Note: You can see the Game Syncs available for the Music Switch Container: State and Switch. Both of them can be used to make transitions (without discriminating the functions, core or non-core). But unlike States, Switch changes can be driven by Game Parameters. So, different interaction modes could be used.
Music Playlist Container
Next, let’s have a look at the Music Playlist Container. Music Playlist Containers control the playback order of the Music Segments under the Playlist. They support random playback as well as sequence playback. As such, Music Playlist Containers are the preferred structural units for handling the User-Driven Static/Dynamic Transition.
Note: Sequence Continuous/Step is used for linear User-Driven Static Transition, Random Continuous/Step is used for non-linear User Driven Dynamic Transition.
These two structural units in the Wwise interactive music system are all transition-related. With Music Switch Containers and Music Playlist Containers, the User-Driven (Static/Dynamic) Transition and Game Driven (Static/Dynamic) Transition methods can be well implemented. However, they are the largest units in the interactive music system. It means that they are at the highest level. It’s inappropriate to use them to implement the Remixing methods directly. Sometimes we will have to use one Event to play multiple such units concurrently. In Part 2 of this blog series, I will show you how to use Wwise to generate Terry Riley's In C composition in which the methods mentioned here will be used.

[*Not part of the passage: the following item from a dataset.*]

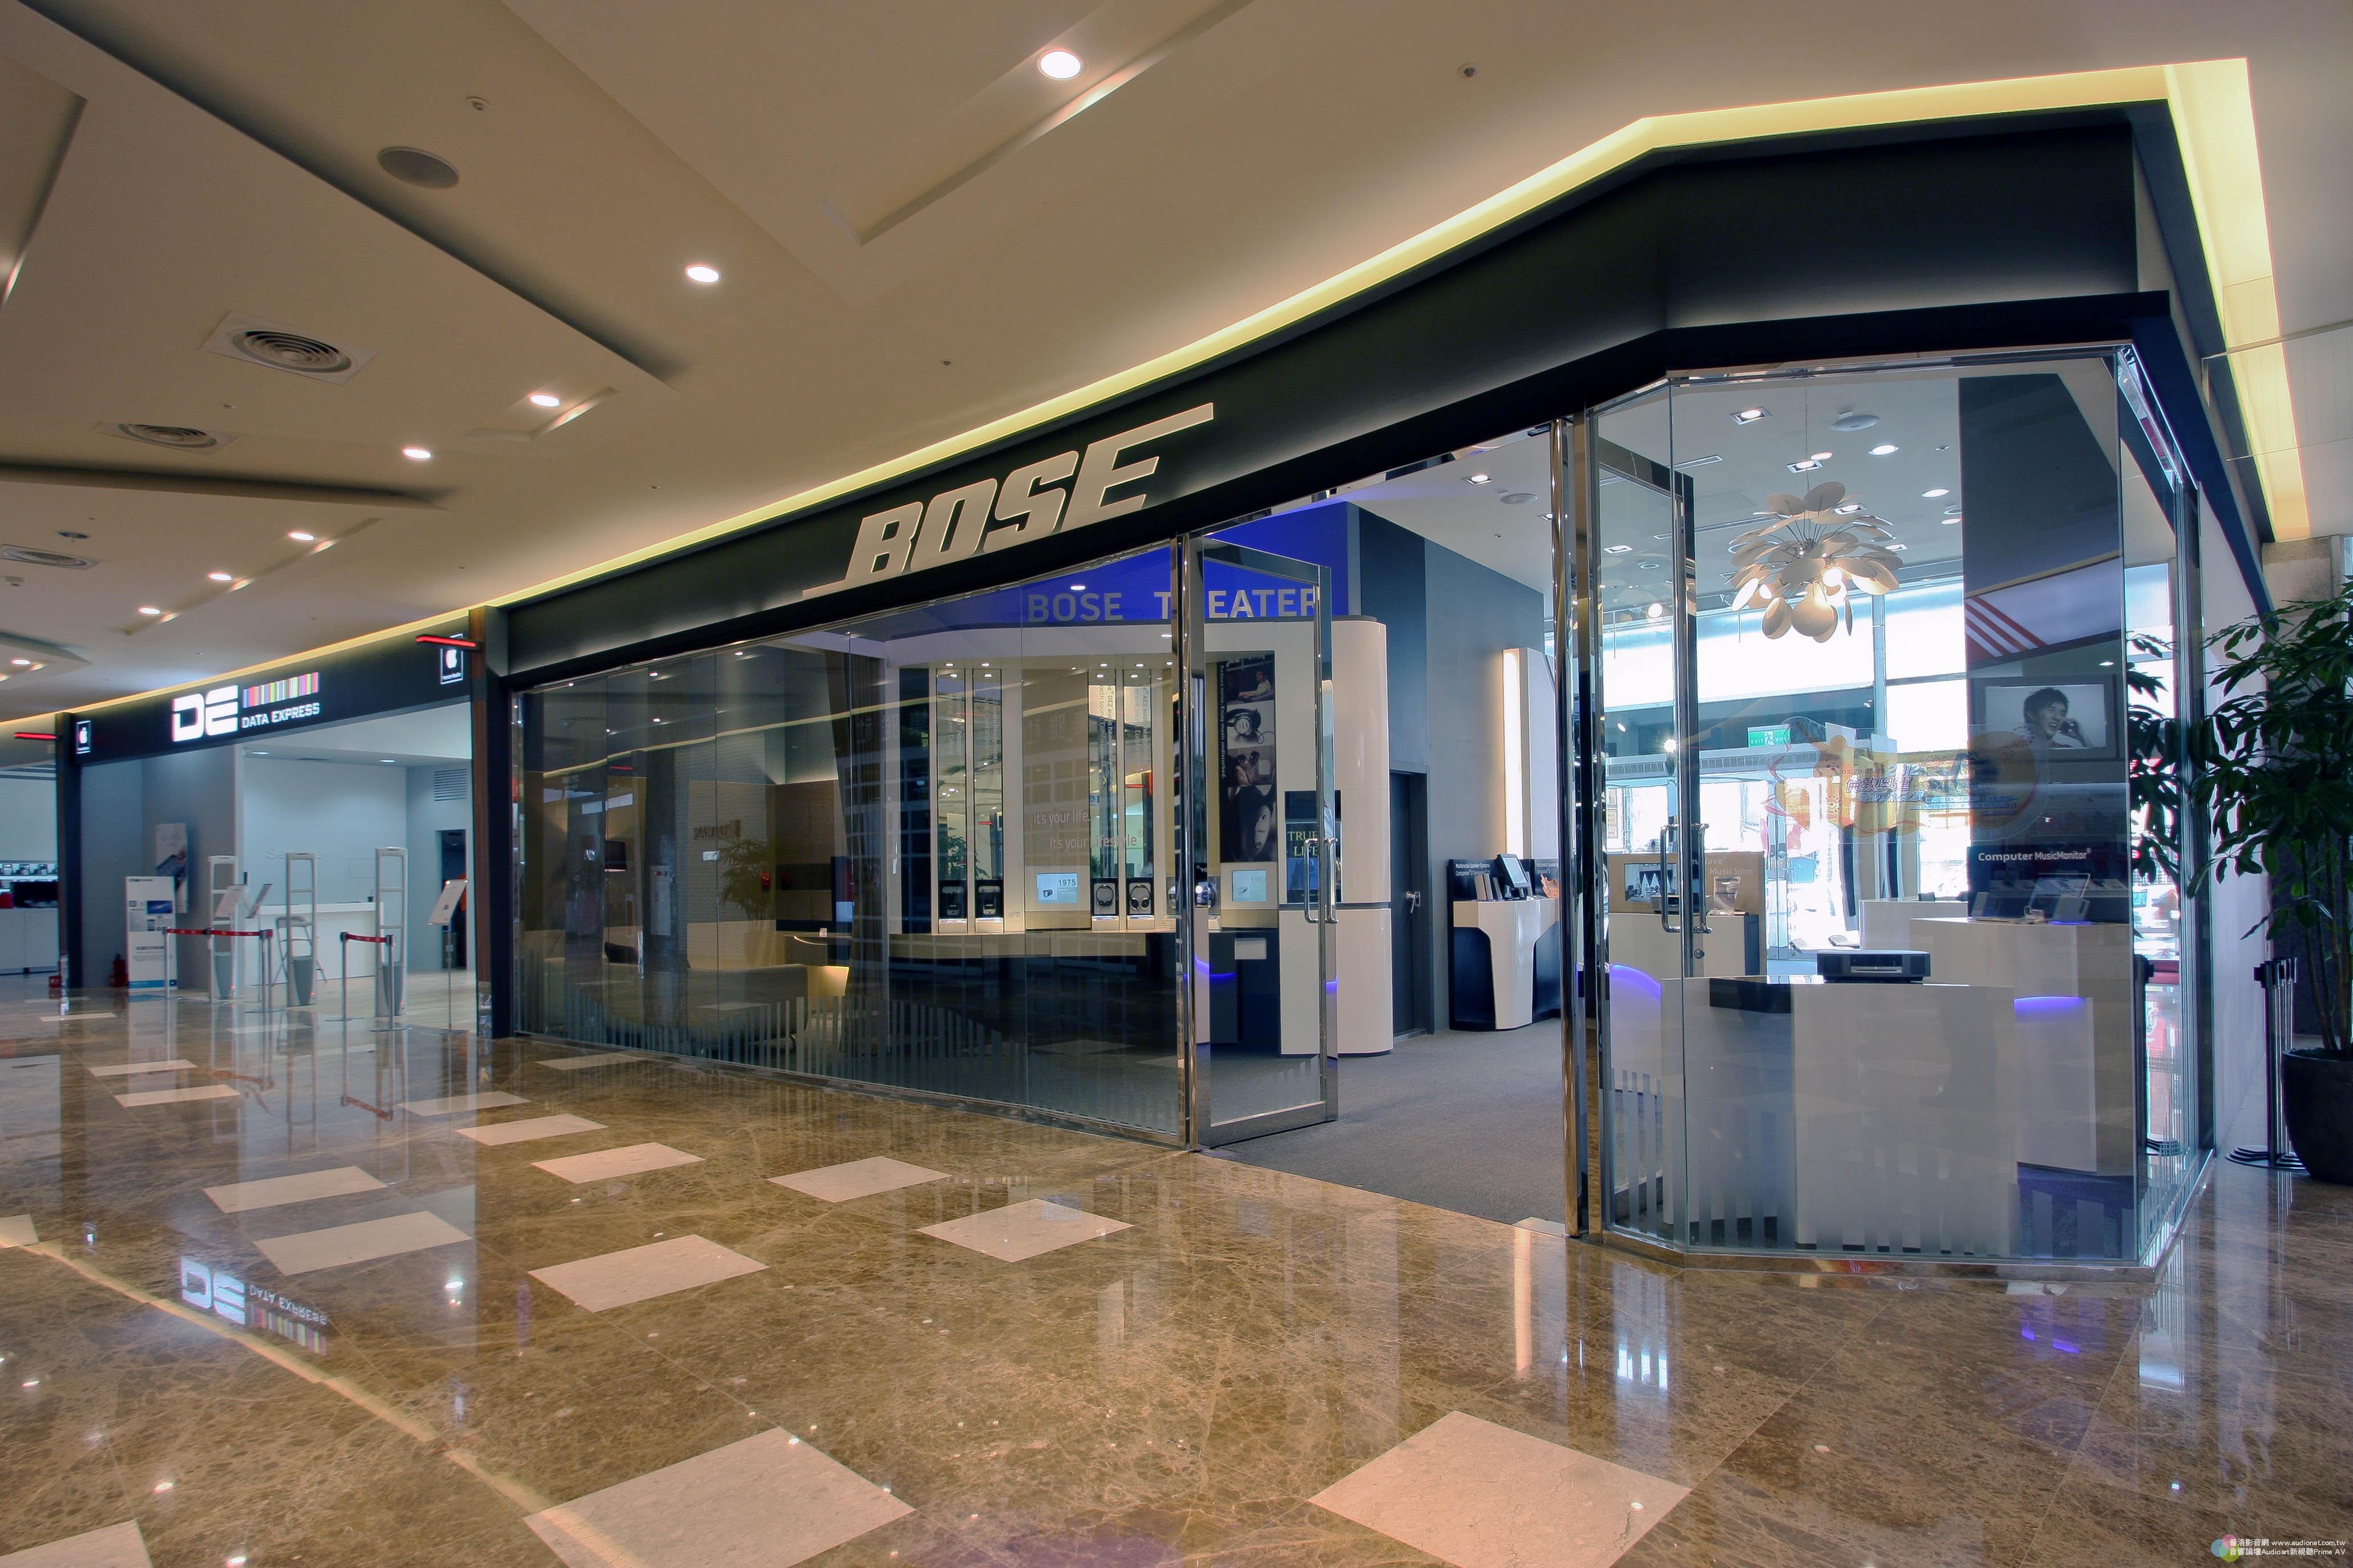 bose音响新竹旗舰店在远东巨城购物中心盛大开幕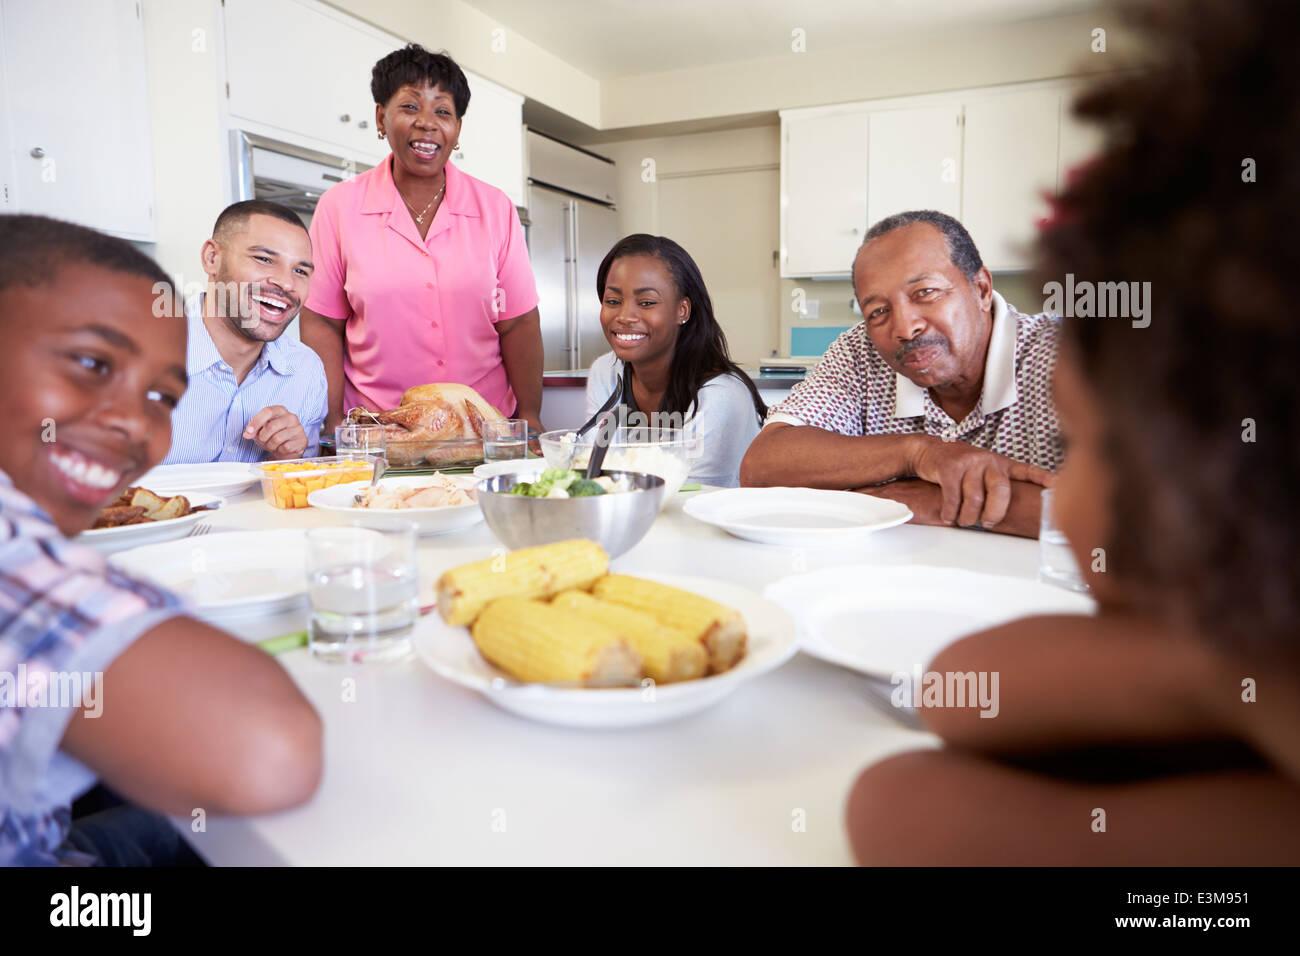 Portrait assis autour de Table Eating Meal Banque D'Images

Let’s now have a look at the micro-level. You can see that the structural units (Music Segment, Music Track, and Clip) are marked in purple. It means that they can be used to implement both the User-Driven and the Game Driven methods; you can also see that, unlike the Music Switch Container and Music Playlist Container, the methods marked with red and blue boxes are Remixing-related rather than Transition-related. The potential approaches to music design exist in the details rather than at a higher level. And they are all mixing-related.
First, we noticed that the Transition Manager for the Music Segment is marked blue and says “Transition Manager: No”. This is because we cannot see the Transitions tab in the Property Editor while clicking to select a Music Segment.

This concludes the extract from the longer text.